Mukund Singh previously supported Captain Jabcob of East India Company in conquering Palamu. He also attacked the Zamindars of six neighbouring Pargana. All were ready to assist the East India Company against Mukund Singh. Mukund Singh was not ready to accept suzerainty of East India Company, but he accepted to pay tribute to East India Company. Company ordered Mukund Singh to pay 63000 rupee in three year and 23,228 rupee of previous payment. This tax was more than other estates and he was not in a state to pay such a huge amount, so he refused to obey the order of Company. He sought help of the Marathas against East India Company. Maratha detached a force to Ramgarh. Many other kings such as Tori, Kunda and Kendi came in support of him. They prepared to face the Company force.

Knowing about this alliance, Captain Jacob attacked Kunda and conquered Kunda. King of Kendi accepted to pay tribute to Company by fear. Jacob declared Tej Singh Thakurai as new king of Ramgarh. He gave him leadership to lead the battle. The joint forces of Tej Singh, Nagvanshis, Chero of Palamu attacked Ramgarh and Mukund Singh got anxious. But In front of Maratha forces the forces of opponents were proved ineffective and Tej Singh Thakurai had to flee from the battle. The fear of Mukund Singh slowly disappeared with the result of battle and anxiety of East India company grow.
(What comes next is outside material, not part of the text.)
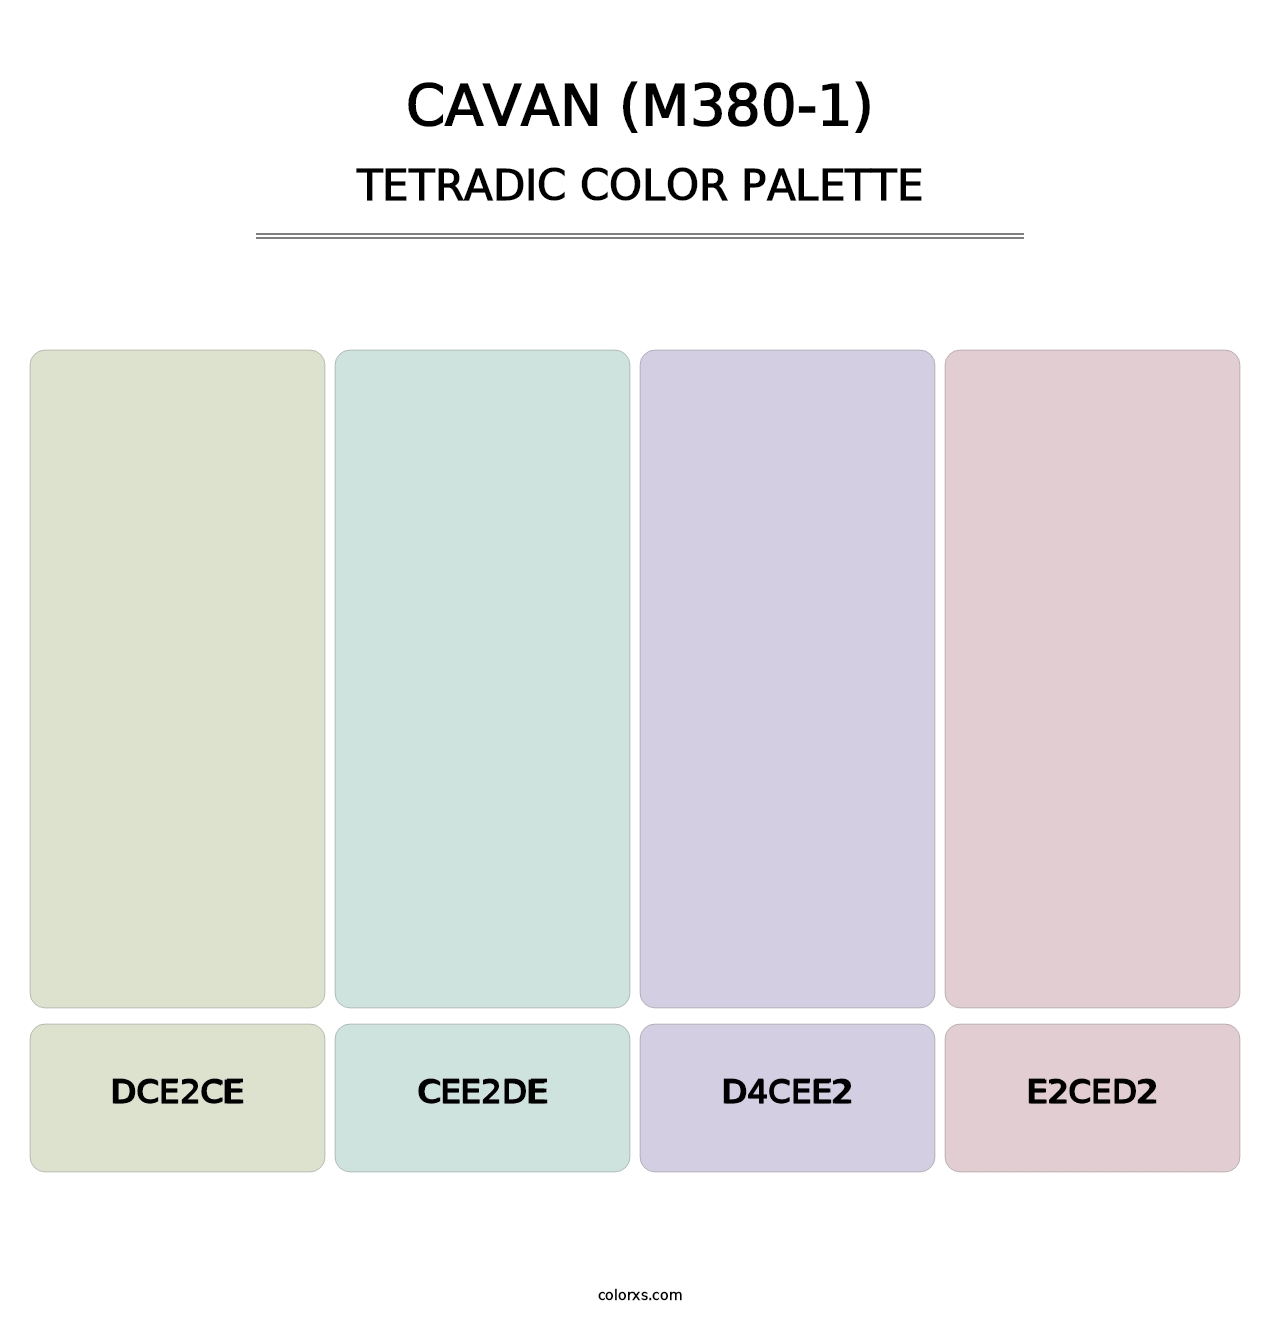 Cavan (M380-1) - Tetradic Color Palette

Patna council of East India company ordered Captain Jacob to defeat Ramgarh. Captain Jacob recalled Tej Singh Thakurai and with large company forces attacked Ramgarh. Due to some reason Maratha forces didn't able help Mukund Singh. Later Mukund Singh surrendered without battle and accepted suzerainty of East India company. Then East India Company disposed him from throne and made Tej Singh Thakurai new king of Ramgarh.